3 – A metade de todo vir a ser é a “suspensão” da vontade de viver, apaixonada e individual, na unidade do nirvana.” – Amor, doença e morte – ver página 169 de Morte em Veneza.  O mesmo se vê no personagem do príncipe Klaus Heinrich em seu romance “Sua Alteza Real”, na pág. 171.

—- “Natureza sem espírito ou espírito sem natureza dificilmente podem ser chamados de vida”. 

—- “O gênio tem um pé de intimidade com a doença e a disposição natural”.

—- Segundo Otto Maria Carpeaux, em seu livro “A história concisa da Literatura Alemã, Faro Editorial, Thomas Mann é o clássico do gênero Romance, da literatura germânica.
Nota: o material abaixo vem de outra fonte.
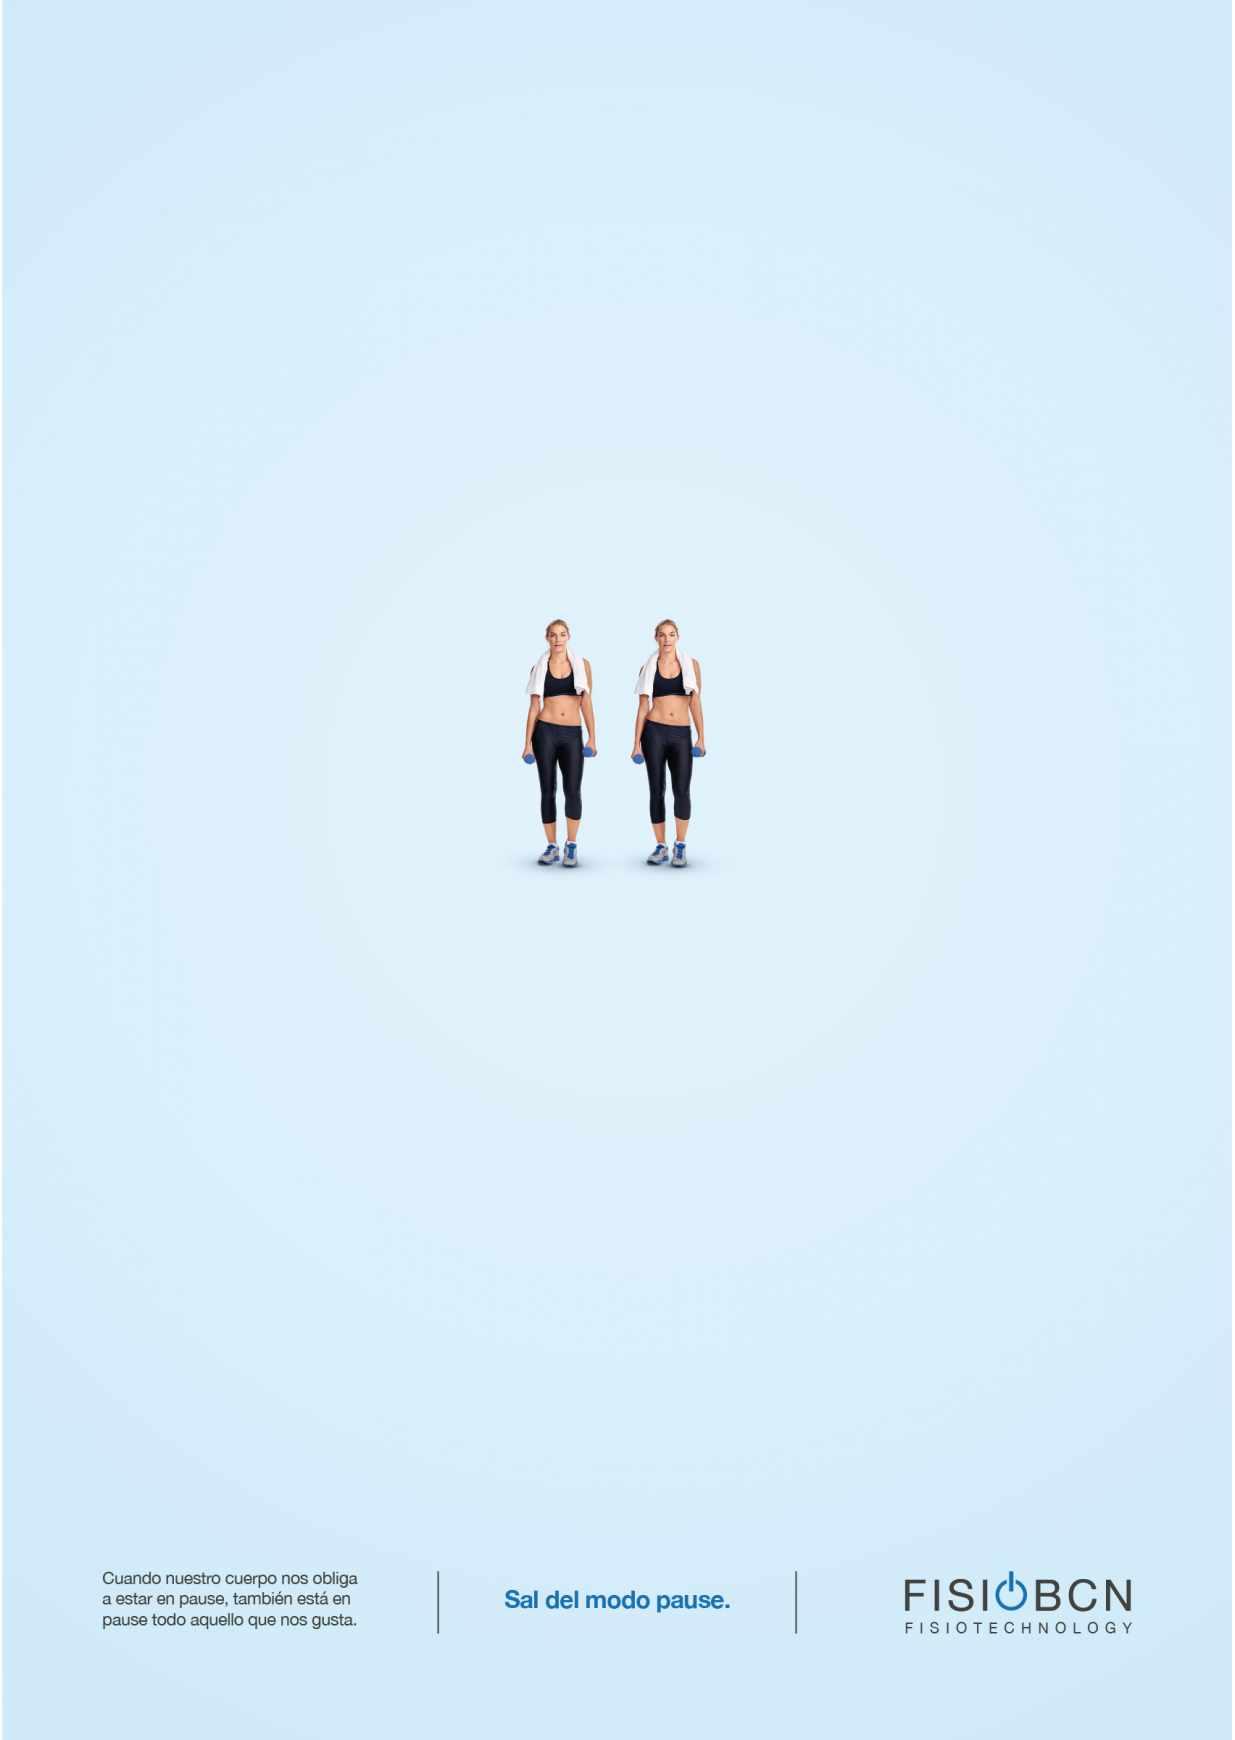 Fisio BCN Print Ad - Pause - Gym

Está ao lado de Balzac, Stendhal, Flaubert, Henry James e outros menos importantes. O Estilo de Mann é sóbrio, um pouco cerimonioso, formado segundo o estilo de Goethe, e como nesse estilo é cheio de subentendidos, alusões, insinuações, tudo isso mostrando perfeitamente sua Ironia: ironia que serve para abrir perspectivas ou para abrandar a emoção profunda, inconfundivelmente romântica. Guarda sempre um estilo latino. Thomas tem sua dialética entre sua alma alemã e seu espírito muito universal. Em Buddenbrooks mostra  a história dolorosa da decadência de uma família de patrícios. Foi, nesse sentido, um romance tipicamente alemão e ao mesmo tempo o romance da decadência europeia”.
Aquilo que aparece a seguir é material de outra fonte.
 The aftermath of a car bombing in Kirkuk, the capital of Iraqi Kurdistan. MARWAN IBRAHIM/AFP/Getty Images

—- No livro do escritor e crítico francês, Michel Zéraffa —   “Pessoa e Personalidade = o romanesco dos anos de 1920 aos anos de 1950”, Editora Perspectiva, há uma passagem interessante que liga Thomas Mann à psicanálise, quando escreve: “Do mesmo princípio decorre, como vimos, o interesse de Mann pela psicanálise: o conhecimento dos “arquétipos” nos ensina através  de quais filiações chegamos àquilo que somos: “Quantas vezes constatei… que a personalidade de meu pai defunto, é, no fundo, o modelo secreto que determina aquilo que faço” (Freud und die Zukunft).

—- A fascinação é, ao contrário, para Castorp (personagem da Montanha Mágica, o maior perigo. Seu oportunismo e sua lucidez irão  de mãos dadas. Quanto mais a morte está presente (física, com o bacilo; afetiva com uma paixão infeliz, social diante do espetáculo de uma burguesia que encontra no sanatório um porto seguro, ideológica com Settembrini e Naphta, mais o espírito de Castorp ganha em vigilância. Assim, Mann resolve a contradição na qual vê debater-se a pessoa numa época de regressão de valores (como a atual): visto que o século priva o homem, do tempo de refletir, antes de agir, de fazer histórias antes de querer transformar o mundo. Era necessário colocar a personagem num universo fechado e sobretudo imóvel, em que a “ascensão da dúvida” seria tanto mais ameaçadora quanto seria traduzida por mensagens (fora do contexto e do espetáculo da vida concreta e movediça) que o herói deveria decifrar …. pois o que Castorp ensina fundamentalmente é compreender as diversas significações da totalidade humana”.